Ben, bir zamanlar gururlandıkları “solculuk”larından pişman olan gazeteci ve tarihçilerin vaktiyle yaptıkları sorgulamaları arıyorum şimdi.
Profesyonel tarihçiliğin kendi yağıyla kavrulmuş olduğu 1960’lı ve 70’li yıllarda yaşadığım tarihçiliğe evrensel ışık saçtıklarına inandığım -ve çoğu yaşça benden genç olmalarına karşın tarihçiliğin gündemine pek girmemiş sorunları dile getirmiş olduklarından dolayı kendilerinden çok şey öğrendiğim- o “solcular”ın çıkar gözetmeden ve kısa yoldan zengin olmayı düşünmeden -bağımsızca- tarihçilik yaptıkları günleri özlüyorum.
Konularını sadece etnik köken arayıcılığına dayandırmadan günlük yaşantıda hemhal olunan sorunlara kadar inebilenleri düşlüyorum. Prim yaptığı sanılarak Türkiye Cumhuriyeti’nin başlangıç evrelerine kimi “Batılı” tilkilerle birlikte -bir uyum içinde- saldırmayı içlerine sindirememiş “solcular”ı görmek istiyorum; 19. ve 20. yüzyılı -özellikle de 1960’lı yılları- yeniden irdelemelerini istiyorum.
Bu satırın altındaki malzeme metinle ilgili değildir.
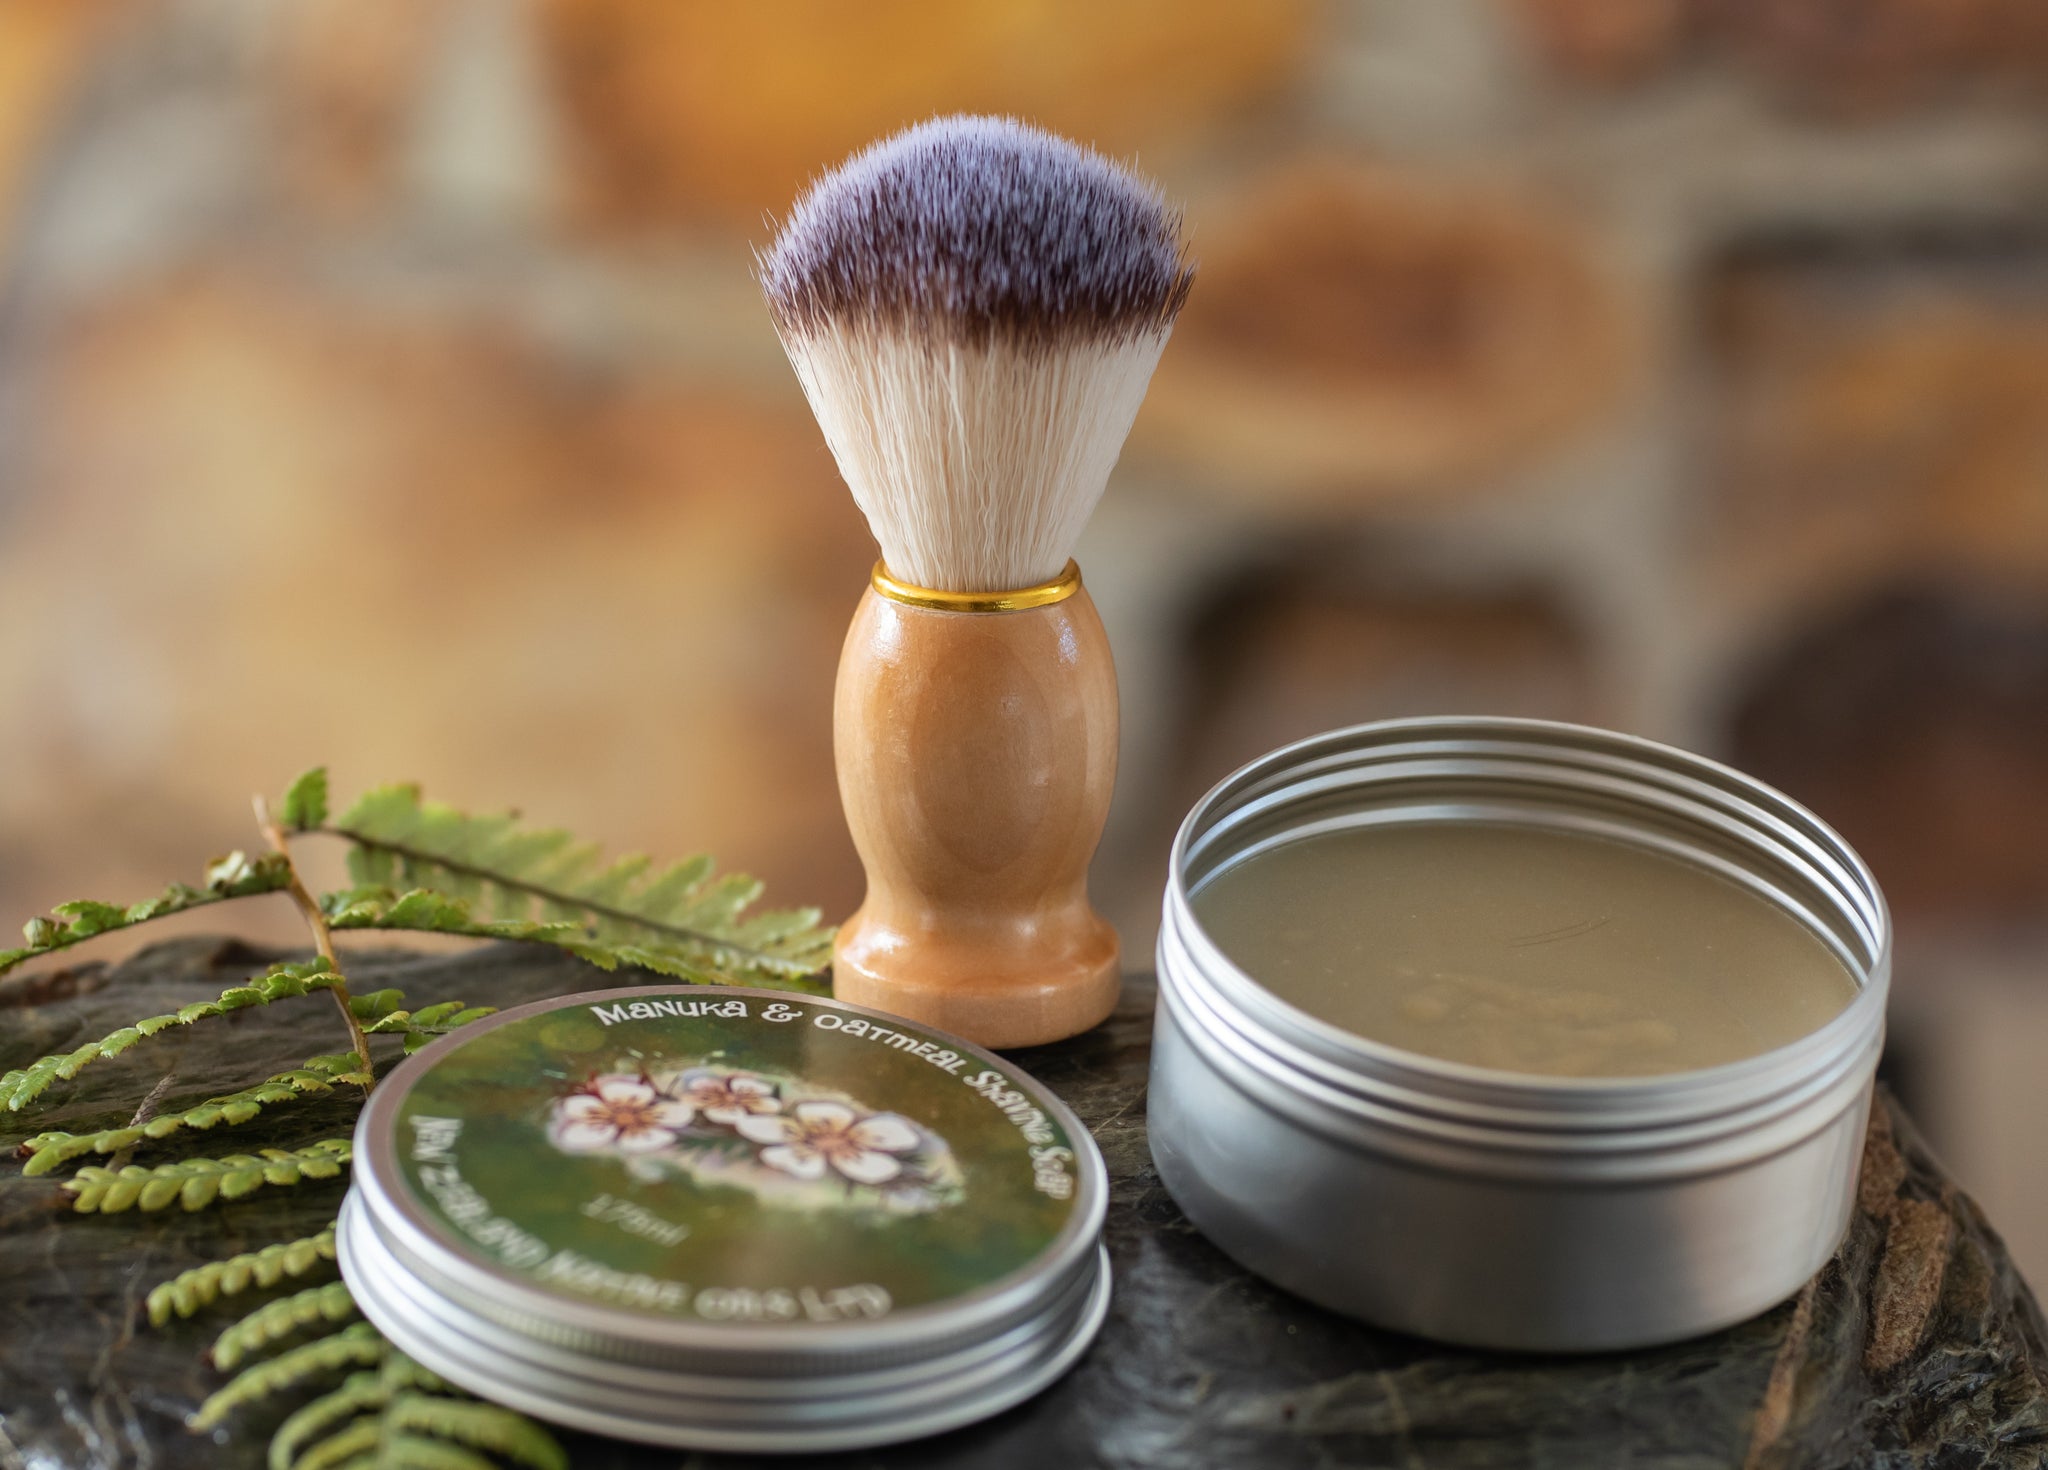 Handmade Shaving Soap In Travel Tin With Wooden Shaving Brush-NZ Native Oils Ltd

Tarihçilik ne Osmanlı’nın sultanlarını hıfzetmektir tek başına ne de Cumhuriyetin devrim sürecinden intikam almaktır. Eğer “sonu gelmeyen bir münakaşa” ise bu bilgi dalı ya da “Böylesine engin ve böylesine önemli bir konuya el attığım için fazlaca küstah gözükmekten korkuyorum” diyen bir tarihçinin alçakgönüllüğünde işlenecek bir dal ise; hangi yetkiyle, hangi çağda, neyi/kimi sorgulama cesareti gösterdiğimizin farkında olmalıyız.
Tarihçilik yapay gündem kaldırmaz. 1930’lu yıllardaki tarihçiliğe getirilen kimi haklı eleştirileri yapanların, günümüzde gösterdikleri tek yanlı yaklaşımları sorgulamaları gerekir. Pragmatik/günlük beklentilerdeki önyargıların çabucak sönüp gittiğini ciddi tarihçiler çok iyi bilir.
Tarihçilik ciddi bir uğraştır
Tarih ne etnik milliyetçiliğin, ne dinci beklentilerin, ne emperyalist emellerin, ne doktrin ve dogmaların ne de iktidar sınırlamalarının tutsağında yazılamaz, söylenemez. Çağdaşlığa atılan adımda bir kilometere taşı sayılan Cumhuriyet devrimlerinin getirdiği özgürlükler ve -onlardan da önce- dünyadaki açılımlar kullanılarak oluşturulabilir tarih.
Bu mesleğin gerçek sahipleri, “medya” karşısında ödevine iyi çalışmış öğrenci konumuna düşürülmekten kaçınmalıdırlar.
Tarihçi onların istekleri doğrultusunda servis yapan kişi değildir; yapay söylemlerini ezberden okuyan papağan olmamalıdır.